FAM160A1
FAM160A1: A Comprehensive Guide
Description
FAM160A1, also known as Family with Sequence Similarity 160 Member A1, is a protein-coding gene located on chromosome 11q13.2. It encodes a protein involved in cellular adhesion and migration. FAM160A1 is expressed in various tissues, including the brain, heart, and skeletal muscle.
Associated Diseases
Mutations in the FAM160A1 gene have been linked to a range of neurological disorders, including:
- Amyotrophic Lateral Sclerosis (ALS): A progressive neurological disease that affects motor neurons in the brain and spinal cord, causing muscle weakness, atrophy, and eventual paralysis.
- Frontotemporal Dementia (FTD): A neurodegenerative disease that affects the frontal and temporal lobes of the brain, resulting in changes in behavior, language, and cognition.
- Mitochondrial Encephalopathy, Lactic Acidosis, and Stroke-like Episodes (MELAS): A rare genetic disorder caused by mitochondrial dysfunction, leading to seizures, strokes, and other neurological symptoms.

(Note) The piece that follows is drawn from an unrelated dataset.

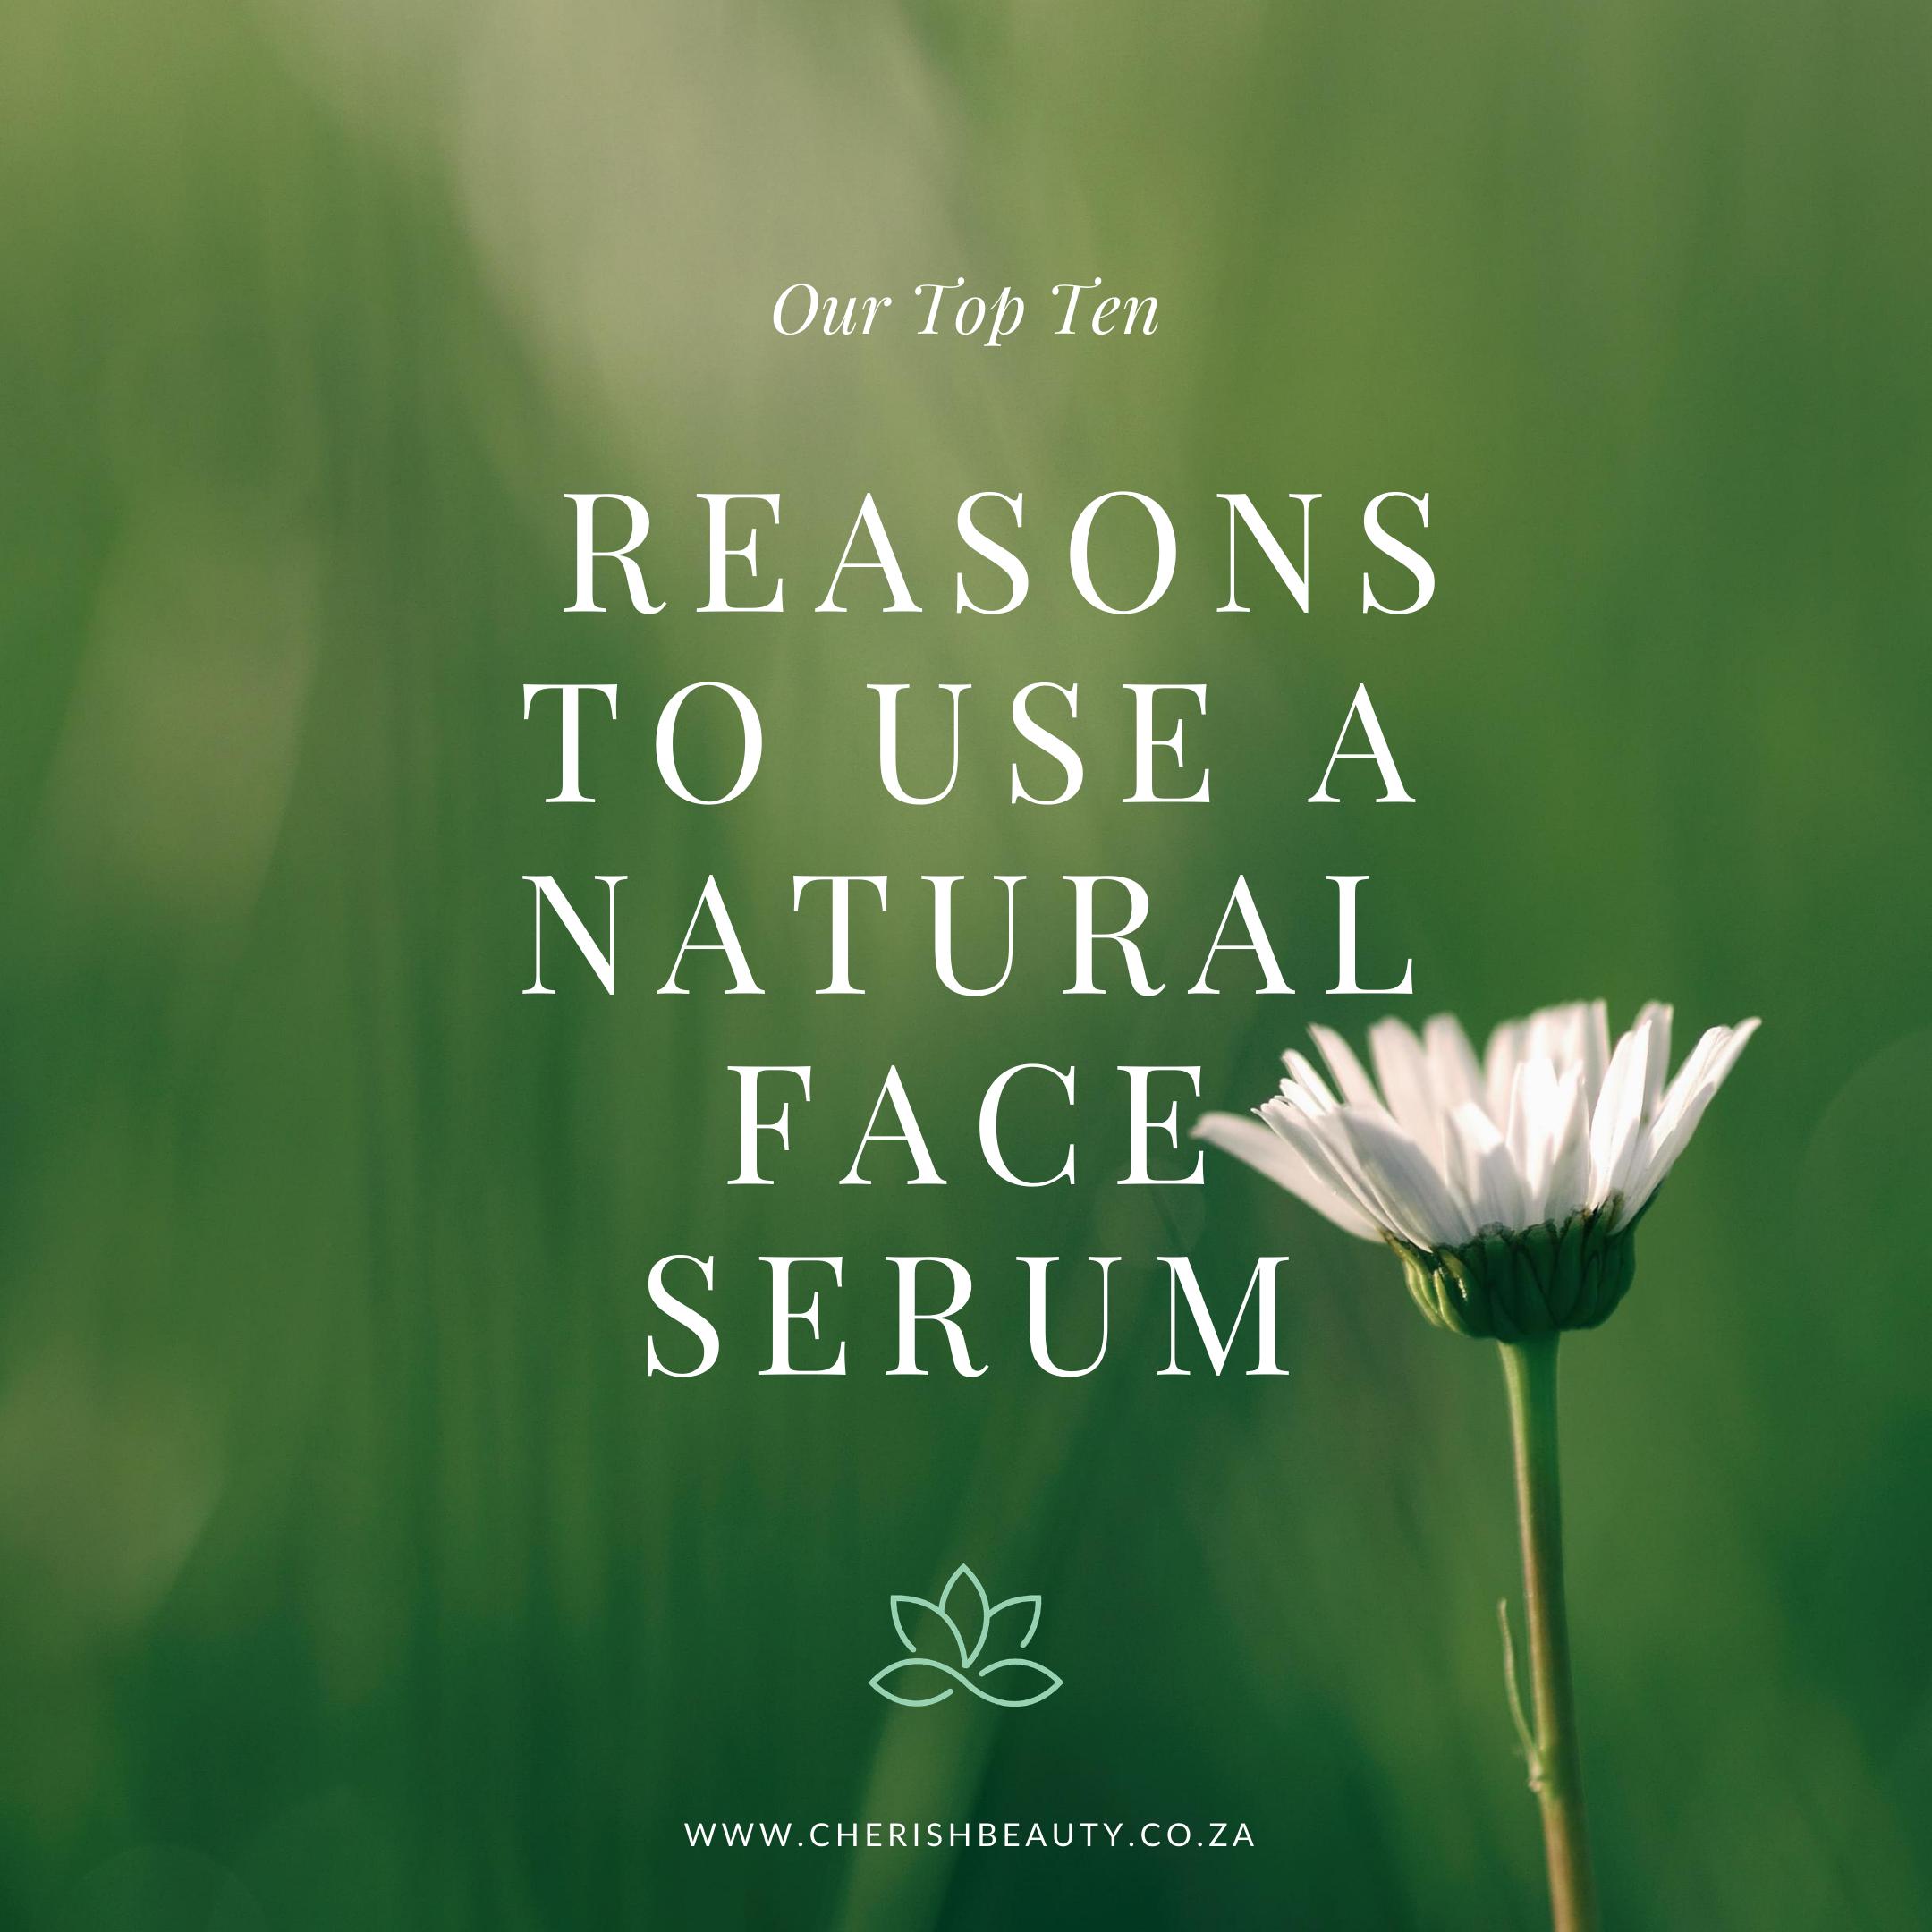 Reasons to use natural face serum

- Autism Spectrum Disorder (ASD): A developmental disorder that affects social communication and interaction skills, along with repetitive behaviors.
Did you Know ?
Approximately 1 in 1,000 individuals are carriers of a mutation in the FAM160A1 gene. However, only a small percentage of these carriers will develop a related disorder. This suggests that other genetic or environmental factors may also play a role in disease development.